Table 5.1 Example of missing attribute value setting, using the BPI Challenge 2012 event log.

Input data treatment

The goal of the model training step is to train a model that can learn the latent distribution of the event log data. After the model is trained, each instance in the event log is reconstructed into an output matrix of p×q elementsc'i,jof. As a result of the model learning step, in the output matrix, the values of the missing attributes (indicated by 0 in the input matrix) are mapped to a valid value for numerical attributes and to a probability for categorical attributes.

To define the loss function to be optimized, during model training we introduce a masking matrix to distinguish missing values and zero padding values from non-zero values in an input matrix. In this post-processing step, missing values of numeric attributes are converted to valid values in an event log by inverting Eq.

Experiments

Evaluation criteria

Results

The high variability of the results for the BPI 2013 event log is due to the distribution of activity durations. Comparing the performance of the model in the real and artificial log, we see that the model can achieve a more stable result in the later data set. This is due to the fact that there are fewer disturbances and distractions due to noise in the artificial tree trunks.

This may be due to the fact that a sequence of activities in an event log tends to follow a particular pattern determined by the process control flow. It therefore appears that the performance of the model should be evaluated in the future with respect to the complexity of a process model control flow.

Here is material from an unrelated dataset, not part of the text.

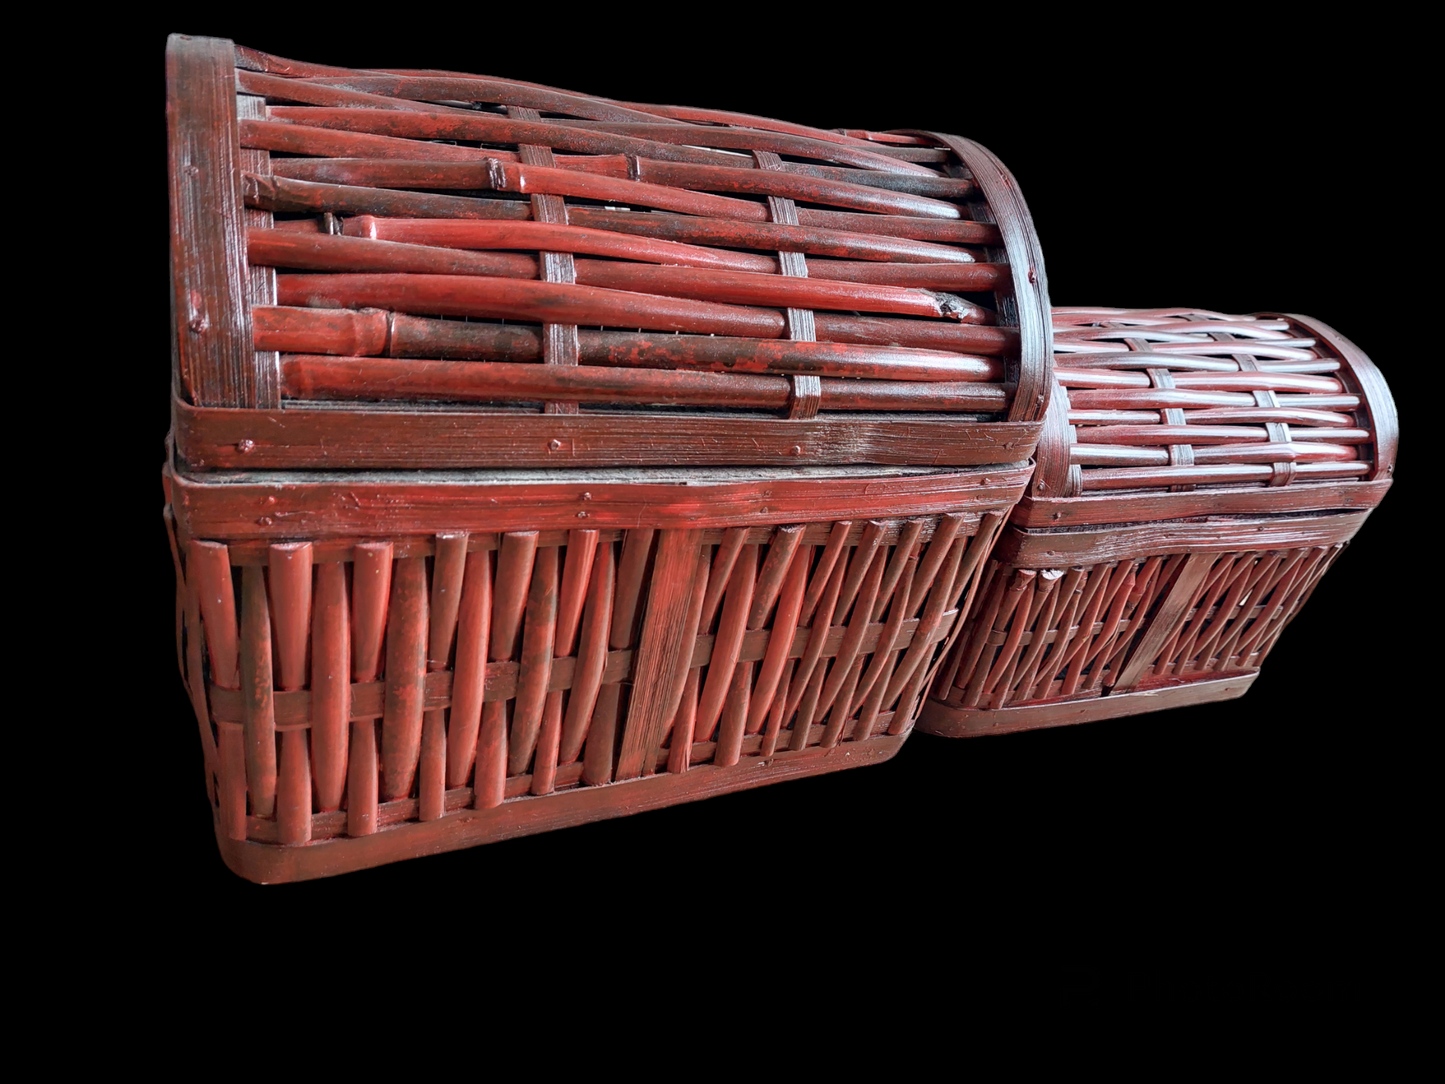 Nepalese wood and bamboo storage baskets

Table 5.6 Model performance for missing activity label reconstruction, measured by accuracy.

Discussion

The results in Table 5.6 show a remarkable effectiveness of the proposed method in reconstructing missing activity names. As the number of missing attribute values increases, the performance of the proposed reconstruction models deteriorates. Once these control flow structures are learned by a model, they can easily be used to reliably impute missing values.

However, it can be generalized to other variables that typically belong to an event log. First, the bias introduced by the distribution of timestamps values leads to poor imputation of timestamps compared to activity names.

Conclusion

Future work

A journal article titled "Neural Computing to Improve Event Log Quality" is currently in preparation for journal submission (expected January 2018). In Proceedings of the 17th International Conference on Foundations of Intelligent Systems, ISMIS’08, pages 150–159, Berlin, Heidelberg. I would like to thank Mr. Hoang Minh Le for being so responsive to all my technical questions and providing me with the computer and software to perform all the experiments in this thesis.

In this appendix, we will graphically show the simulated anomalous time attribute. a) Accepted-Assigned (b) Accepted-In Progress. The green dot indicates abnormal data, the blue dot indicates normal data, and the solid red line is the boundary. In this appendix, we provide the visualization of the ROC curves obtained from the experiments in Chapter 4.

In this appendix, we provide a brief guide on how to reproduce the results shown in this thesis.